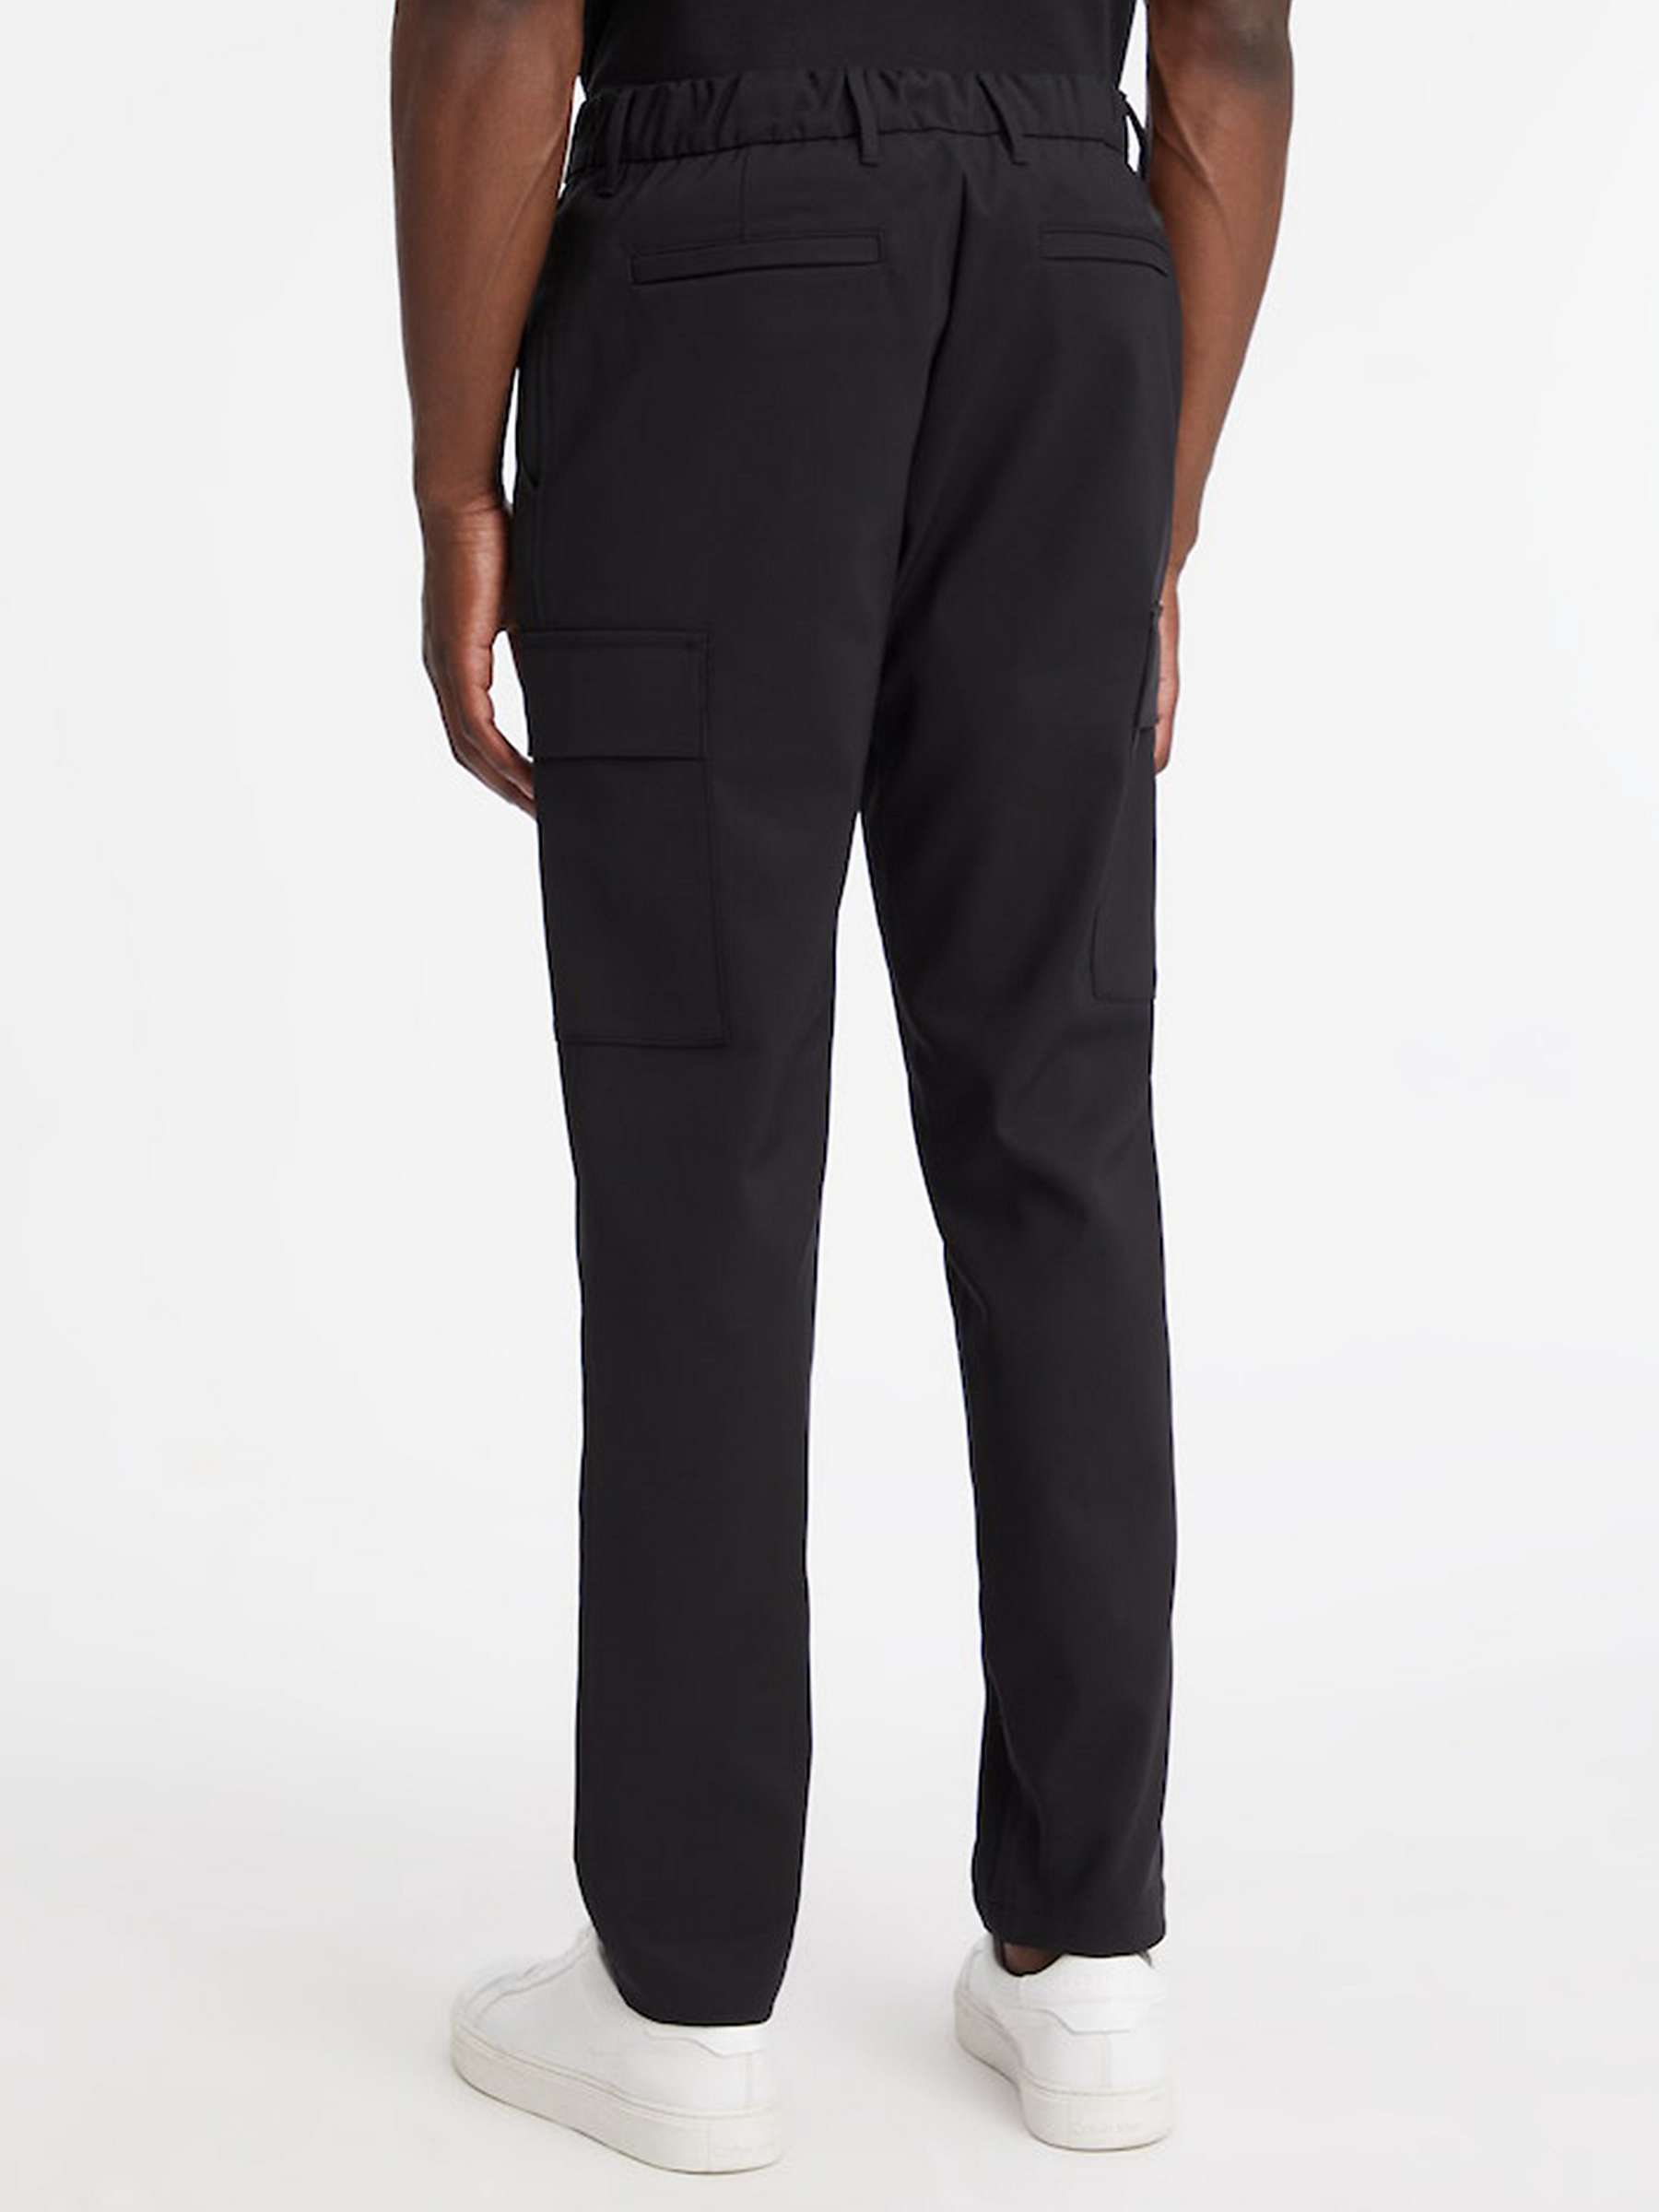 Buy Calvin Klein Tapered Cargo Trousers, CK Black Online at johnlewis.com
==
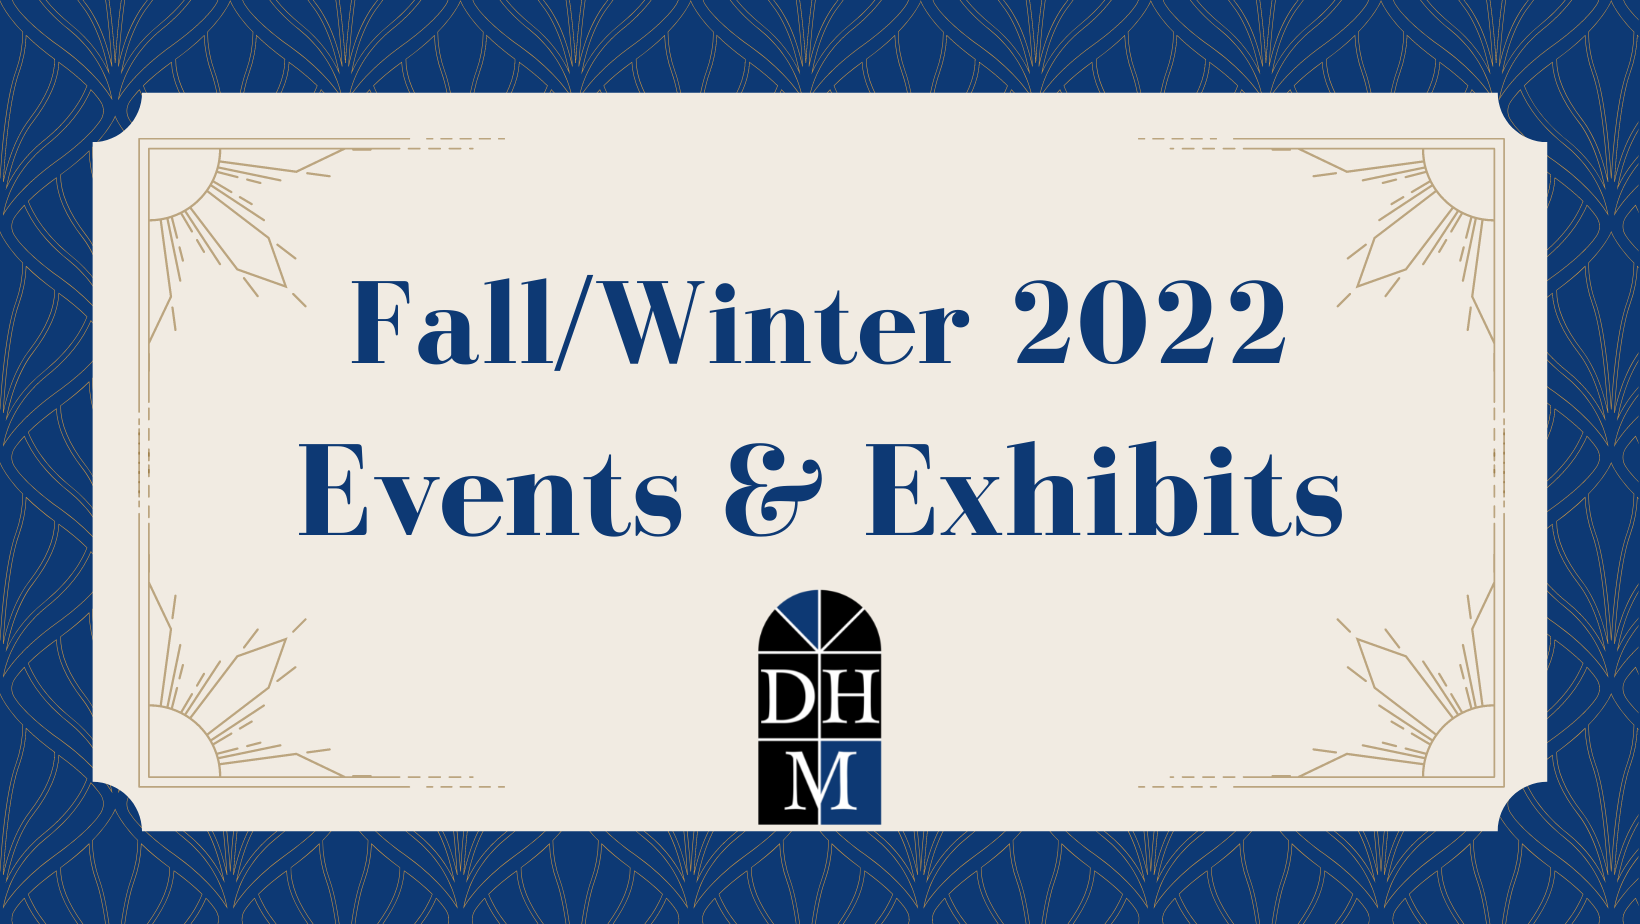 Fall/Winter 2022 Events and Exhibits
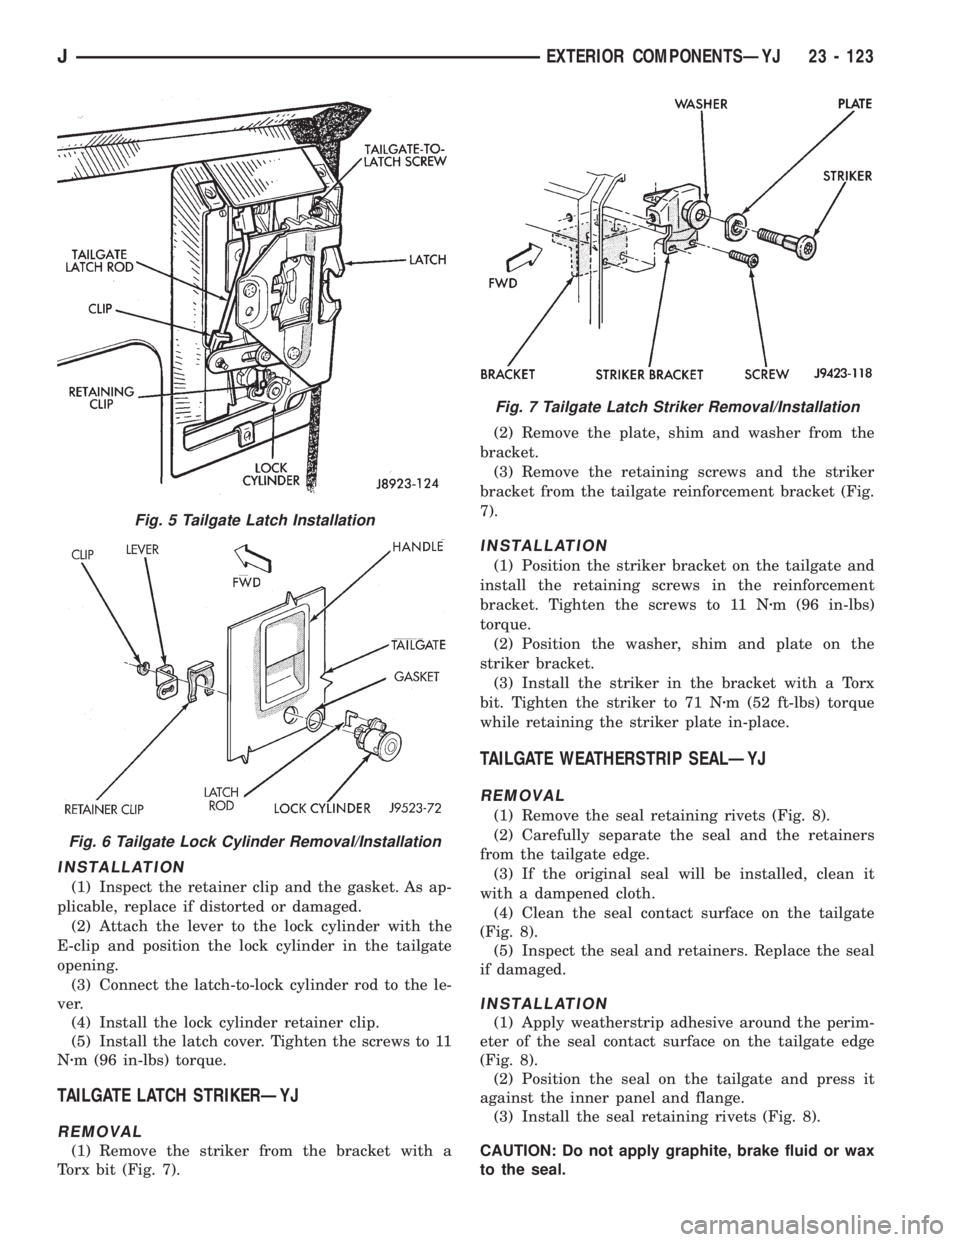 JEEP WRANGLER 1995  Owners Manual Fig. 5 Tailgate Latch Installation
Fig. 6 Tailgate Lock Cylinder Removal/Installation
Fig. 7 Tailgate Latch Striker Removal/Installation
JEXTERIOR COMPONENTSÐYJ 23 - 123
--
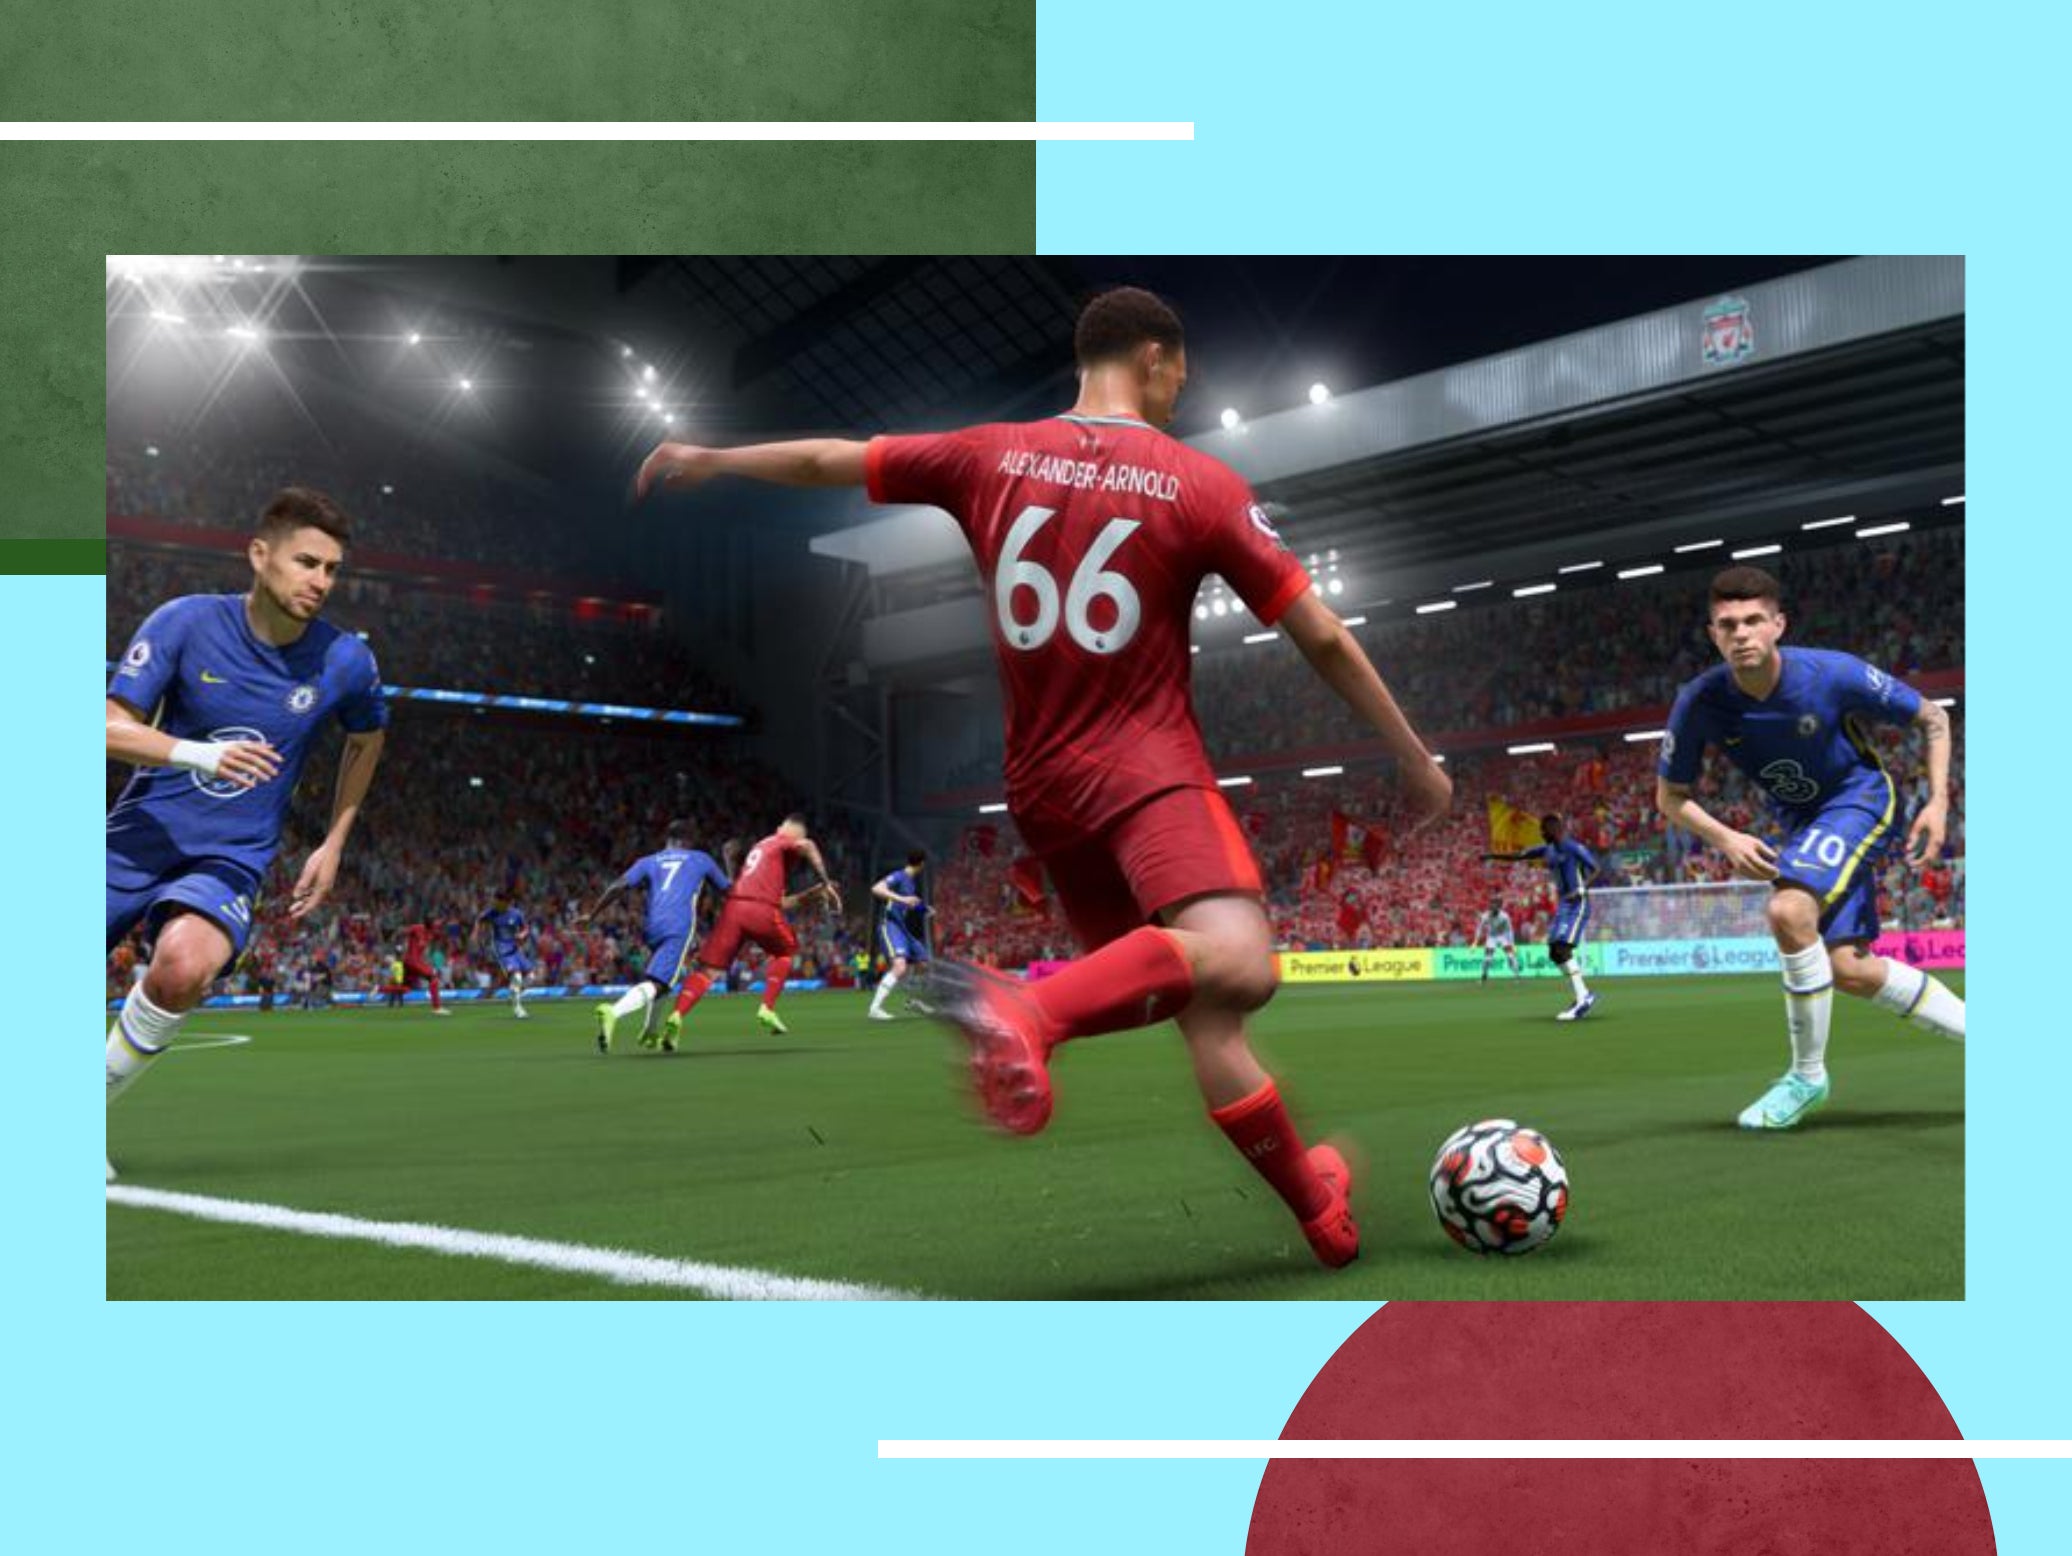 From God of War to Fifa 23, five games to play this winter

> Exercise aim: Starting from the line with "JEEP WRANGLER 1995" in the records above, repeat each line exactly until you have written the line with "JEXTERIOR COMPONENTSÐYJ 23 - 123", then stop; drop the pictures.

> Output:
 JEEP WRANGLER 1995  Owners Manual Fig. 5 Tailgate Latch Installation
Fig. 6 Tailgate Lock Cylinder Removal/Installation
Fig. 7 Tailgate Latch Striker Removal/Installation
JEXTERIOR COMPONENTSÐYJ 23 - 123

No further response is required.